Darien akan mencabik-cabiknya jika adik kami tidak melakukannya lebih dulu. Geli membayangkan adikku mencabik-cabik Sarah, aku terkekeh pelan.
Sudut Pandang Alora
Aku menunggu mereka menyelesaikan diskusi tanpa suara mereka. Aku tidak merasakan niat jahat atau ketidakpercayaan dari mereka. Mereka tampak mengerti dan memercayaiku. Aku ragu untuk berharap sesuatu yang baik akan datang dari pembicaraan ini, tapi aku mulai merasa bahwa ini adalah takdir, bahwa Sang Dewi telah membawa kedua serigala ini kepadaku, bersamaan dengan membawa adik mereka kepada Darien.
Aku bisa merasakan kekuatan mereka, dalam dan kokoh laksana gunung tempat mereka bekerja dan tinggal. Ada sesuatu yang memberitahuku bahwa entah bagaimana aku akan terhubung dengan mereka. Aku hanya tidak tahu dari mana keyakinan itu datang. Namun, firasat buruk di perutku masih ada. Aku tetap tidak bisa menyingkirkannya bahkan dengan pengalihan perhatian ini.
"Kami ingin berteman denganmu, kamu tidak seharusnya terisolasi begitu hanya karena kakakmu," kata Galen, membuka percakapan.
"Kakakmu itu jelmaan iblis, dan sepertinya kita akan sering jalan bareng sekarang, apalagi si bucin itu ternyata jodoh kakak kami," tambah Kian.
"Lagi pula, kami butuh teman sesama orang luar selagi mereka berdua saling tatap-tatapan mesra," kata Galen geli.
Komentar terakhir itu membuatku terkikik. "Entah mana yang lebih parah, kamu benar atau serigala sebesar kamu bilang 'tatap-tatapan mesra'."
Itu membuat mereka tertawa saat kami mengamati pasangan itu; mereka tidak lagi berdiri di tempat parkir, melainkan di halaman rumput, tidak begitu jauh dari kami. Mereka memang sedang saling memandang penuh cinta, istilah yang membuatku terkikik lagi. Lalu aku mendengar suara mesin yang kukenal dan dentuman sistem suara mobil.

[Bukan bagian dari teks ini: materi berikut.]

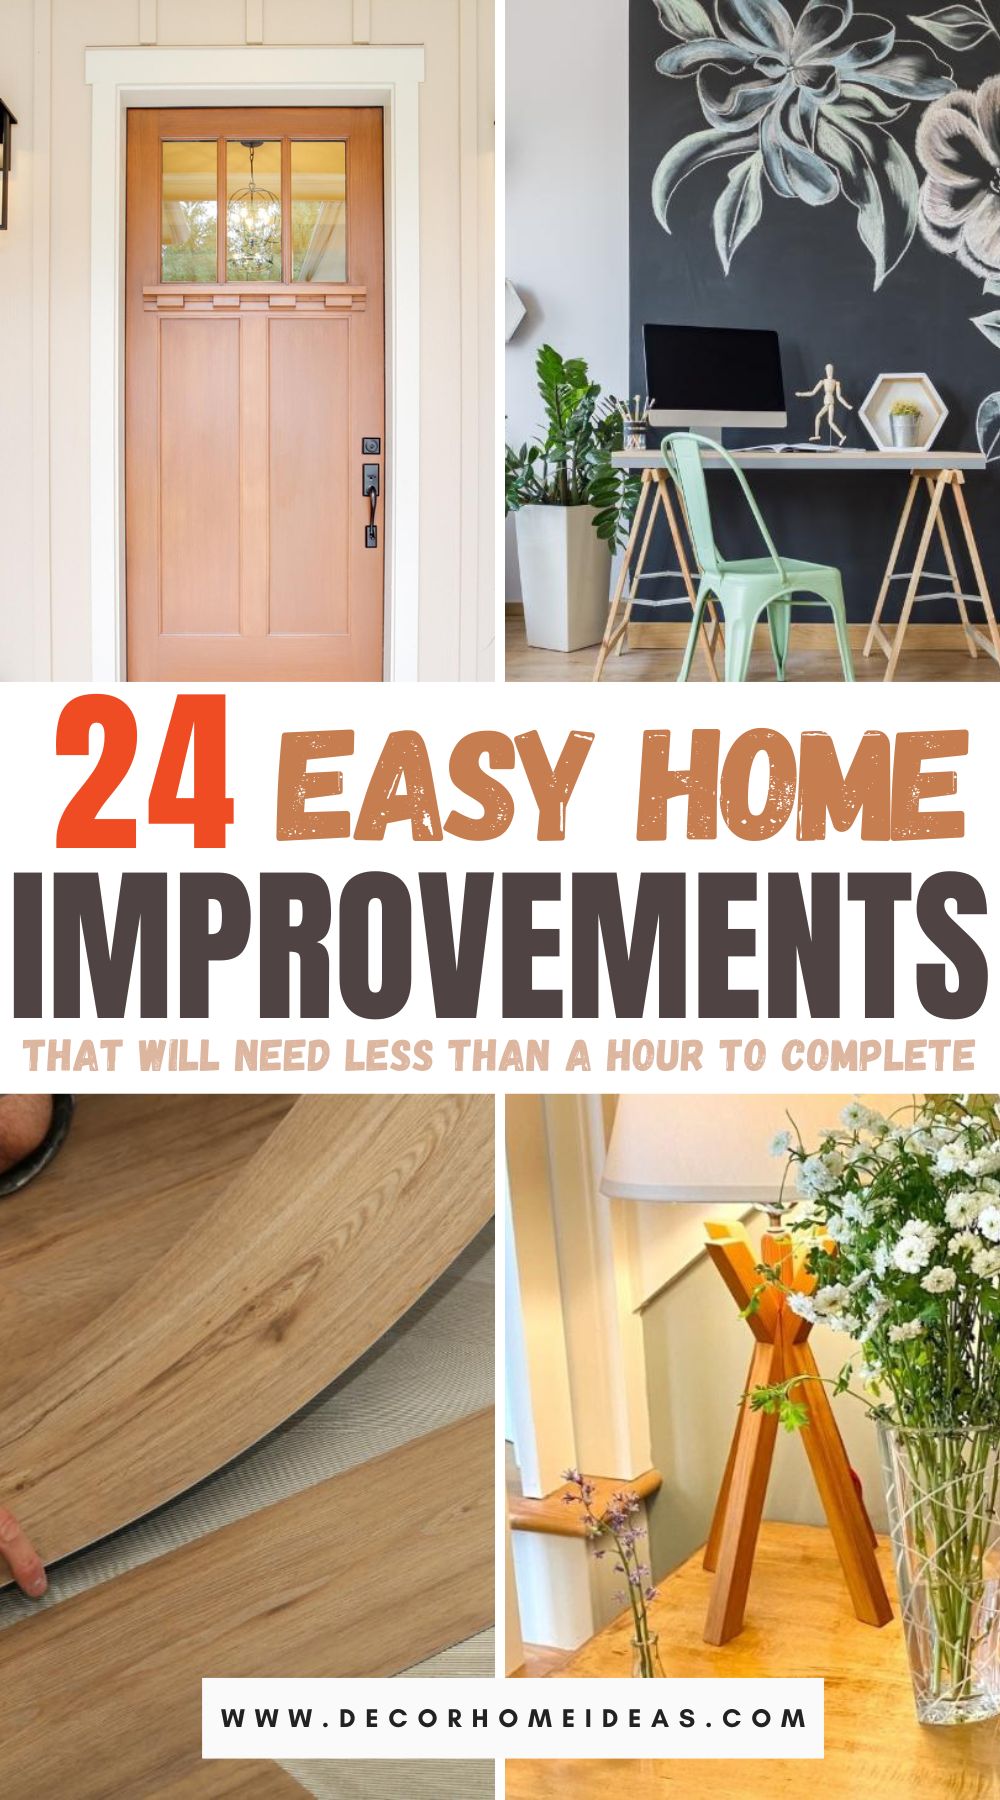 Upgrade your home in under an hour with these quick and effortless improvements. From simple decor tweaks to easy organization hacks, these projects are perfect for busy schedules, delivering instant results without the time commitment.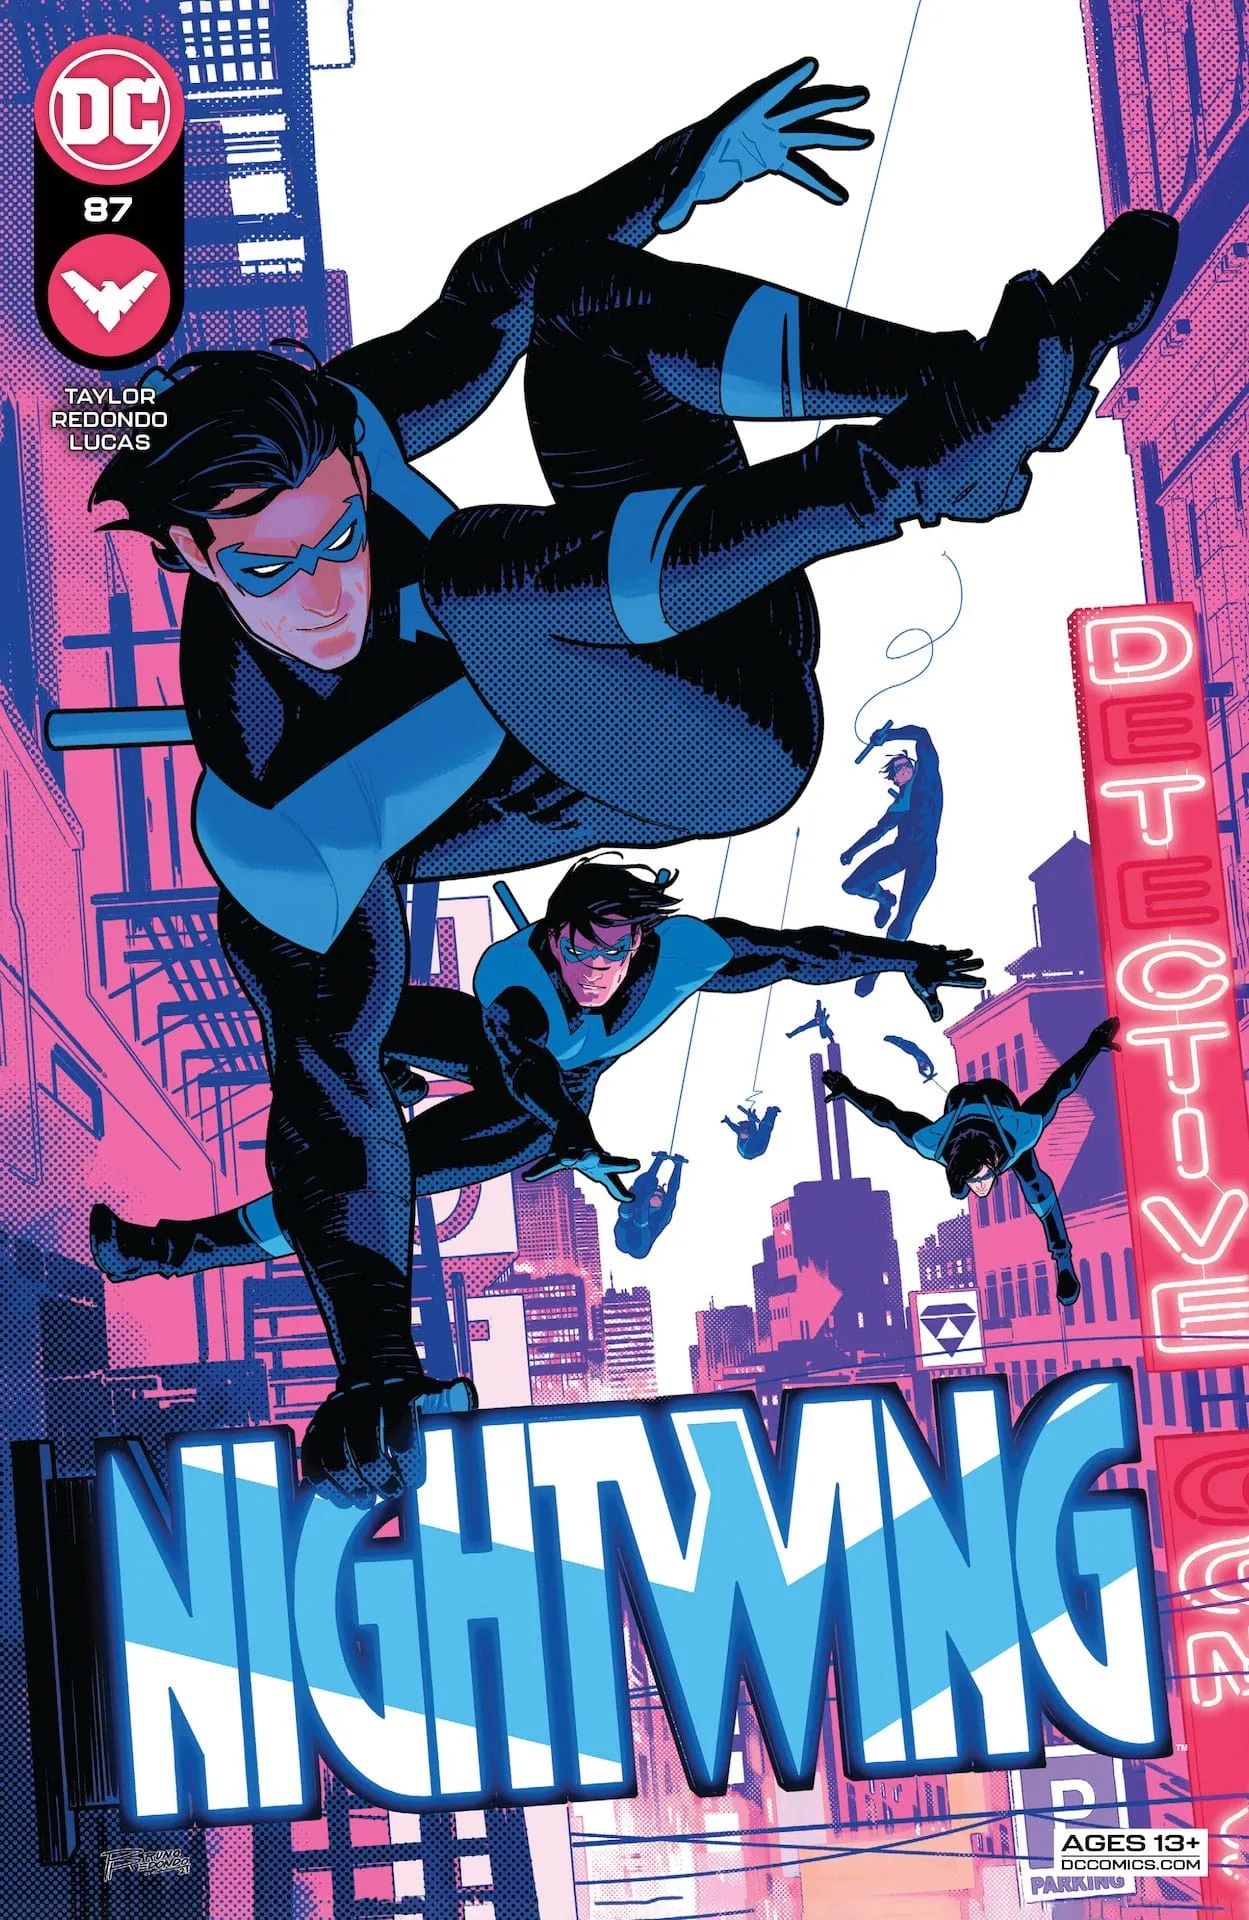 Nightwing Has A Bounty On His Head In DC’s Most Unique Comic Ever

Kakakku dan teman-temannya tiba dengan mobil convertible merah cerinya, semua bernyanyi dengan suara sumbang dan fals. Lagunya tentang menyikat gigi dengan sebotol Jack Daniels, yang menurutku menjijikkan. Tapi itu sudah cukup menunjukkan betapa gilanya dia pada pesta.
Saat dia dan kroni-kroninya turun dari mobil, setelah parkir tidak jauh dari kami, kendaraan lain melesat masuk ke pelataran sekolah. Kali ini Jip off-road lain, warnanya merah, dan itu milik Bima, atau Bimo bagi teman-temannya.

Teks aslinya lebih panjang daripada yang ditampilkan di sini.